STORED DATA: Begin
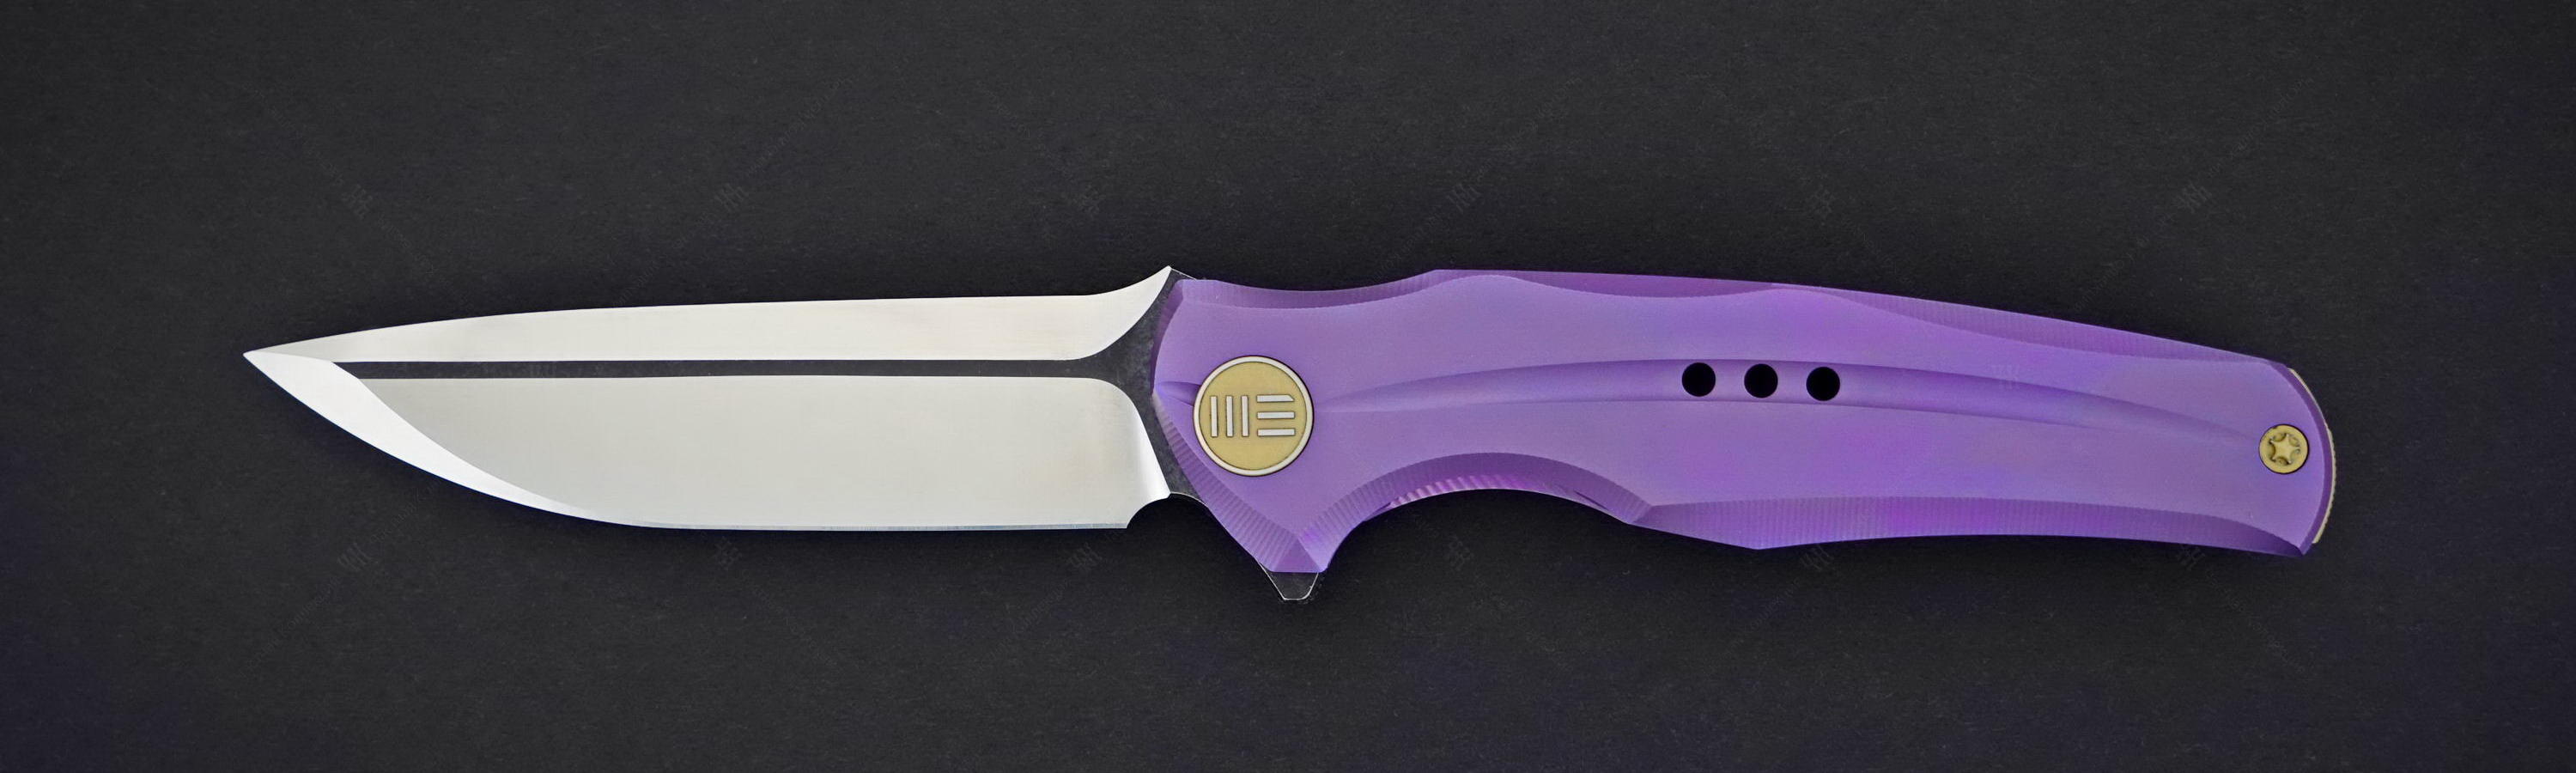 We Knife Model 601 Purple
STORED DATA: End
STORED DATA: Begin
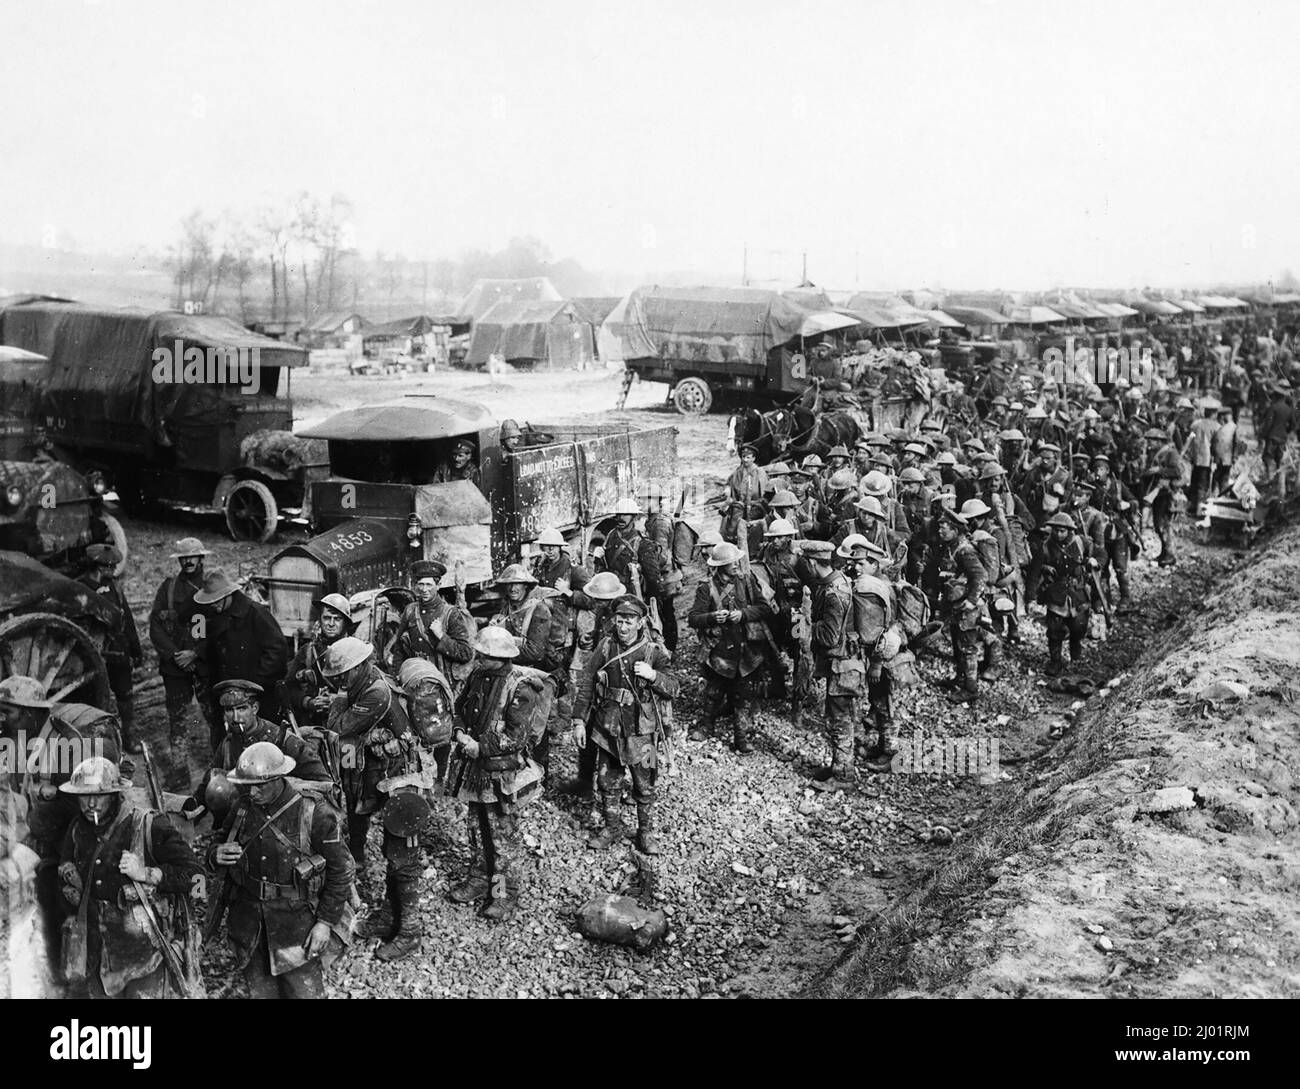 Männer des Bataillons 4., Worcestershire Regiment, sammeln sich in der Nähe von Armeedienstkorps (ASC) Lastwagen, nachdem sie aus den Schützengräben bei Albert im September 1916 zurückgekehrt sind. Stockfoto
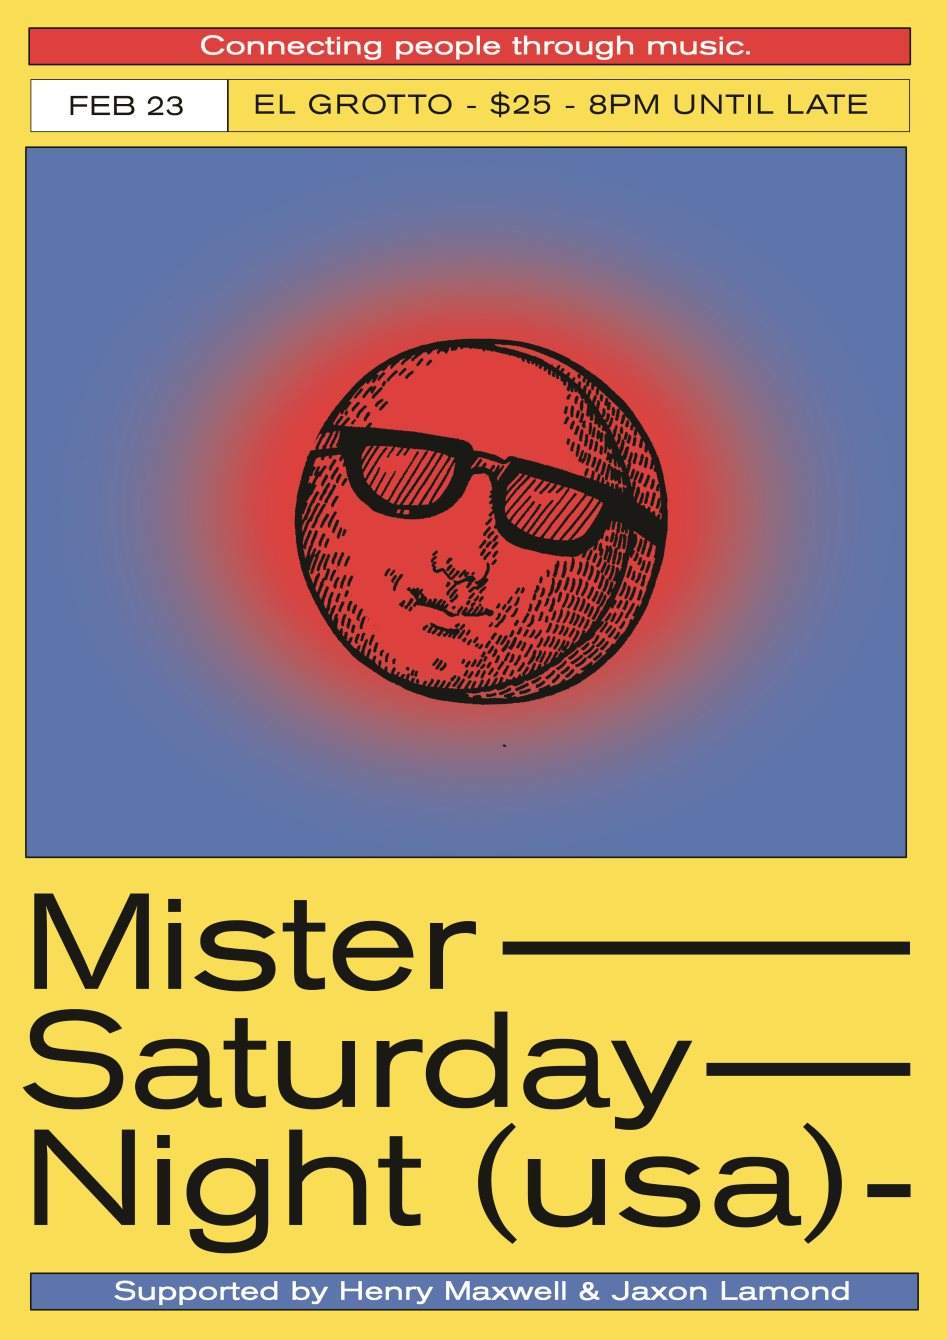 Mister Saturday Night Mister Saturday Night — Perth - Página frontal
STORED DATA: End
**WHAT YOU ARE ASKED TO DO:**
From the records above, copy exactly the lines starting at the one with "Männer des Bataillons" and ending at the one with "Mister Saturday Night Mister", and no others. Pictures stay out.

**OUTPUT FOR THIS TASK:**
 Männer des Bataillons 4., Worcestershire Regiment, sammeln sich in der Nähe von Armeedienstkorps (ASC) Lastwagen, nachdem sie aus den Schützengräben bei Albert im September 1916 zurückgekehrt sind. Stockfoto
 Mister Saturday Night Mister Saturday Night — Perth - Página frontal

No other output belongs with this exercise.